The evaluation criteria are as follow.
-
- A: 200 mJ/cm2 or less
- B: over 200 mJ/cm2 and 300 mJ/cm2 or less
- C: over 300 mJ/cm2
5. Deaeration Efficiency
The deaeration efficiency when the discharge test was performed by operating the deaeration module described above was evaluated based on the following criteria.
-
- A: During discharging for 30 minutes, it was possible to deaerate to the amount of a dissolved gas of the amount of a dissolved gas (when discharging) of each Example without interrupting the discharge.
- B: During discharging for 30 minutes, it was required once that the circulation in which the discharge was interrupted and the ink was returned from the head to the sub tank through the circulation route, was performed, in order to be the amount of a dissolved gas of the amount of a dissolved gas (when discharging) of each Example.
- C: During discharging for 30 minutes, it was required twice or more that the circulation in which the discharge was interrupted and the ink was returned from the head to the sub tank through the circulation route, was performed, in order to be the amount of a dissolved gas of the amount of a dissolved gas (when discharging) of each Example.

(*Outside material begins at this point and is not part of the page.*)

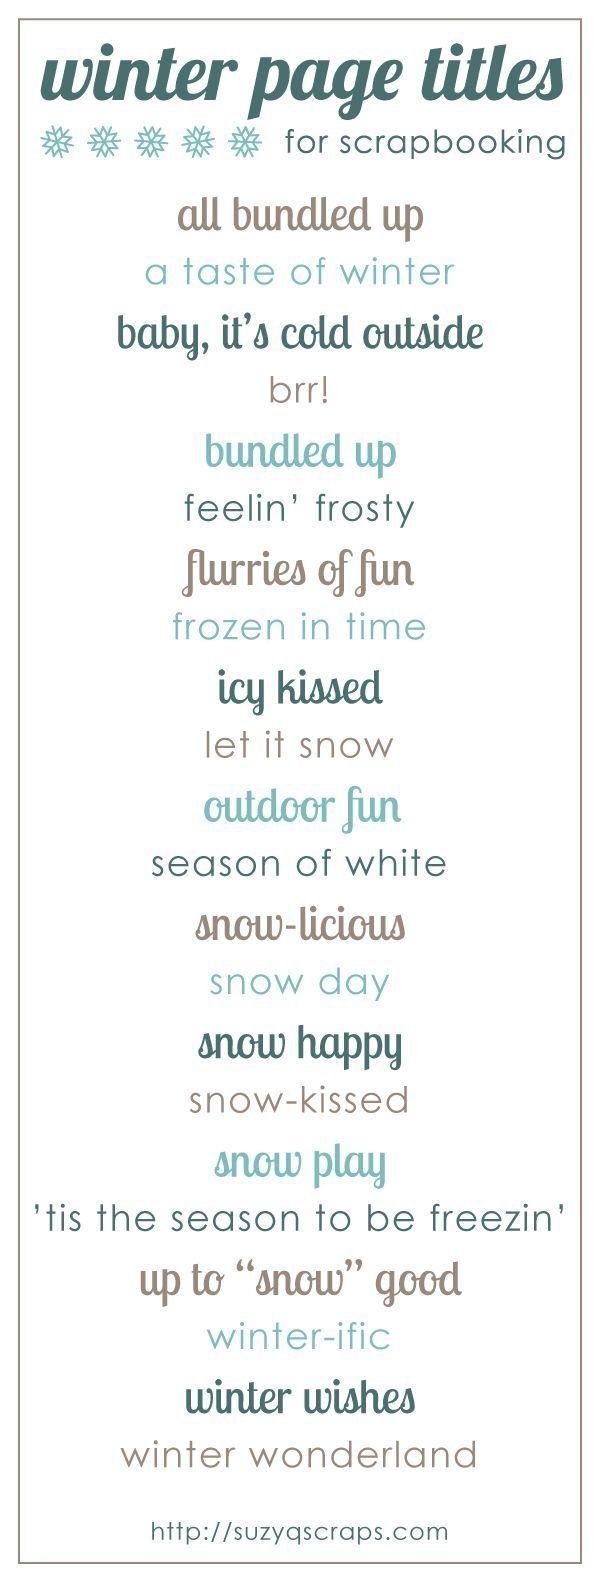 Winter scrapbook page titles by kari

6. Continuous Usage Possibility
The discharge was performed under conditions of the discharge test described above and 5 cm×5 cm of a solid pattern was recorded on the recording medium of an A4 size. When recording was performed on 500 sheets of the recording mediums, the evaluation was conducted whether it was necessary to perform replacing of the ink cartridge or not.
-
- A: It was possible to record without replacing the ink cartridge.
- C: It was necessary to replace the ink cartridge.
According to the above-results, it was found that the ink jet method in which the composition fed from the composition storing body which stored the ultraviolet curing type ink jet composition which contained the polymerizable compound and the hindered amine compound and in which the amount of a dissolved gas was set to 10 ppm or more, with the storing volume of 2 L or more, was deaerated to the amount of a dissolved gas of 30 ppm or less and was discharged from the ink jet head was more excellent in all of continuous usage possibility, preservation stability, and discharge stability, compared to other ink jet methods.
Furthermore, while not described in Table, after the ink storing body after adjusting in Method Example 10 was preserved at RT for 20 months, when the discharge stability was evaluated under a condition in which the deaeration is performed when discharging, the result was A.
The entire disclosure of Japanese Patent Application No. 2014-056109, filed Mar. 19, 2014 is expressly incorporated by reference herein.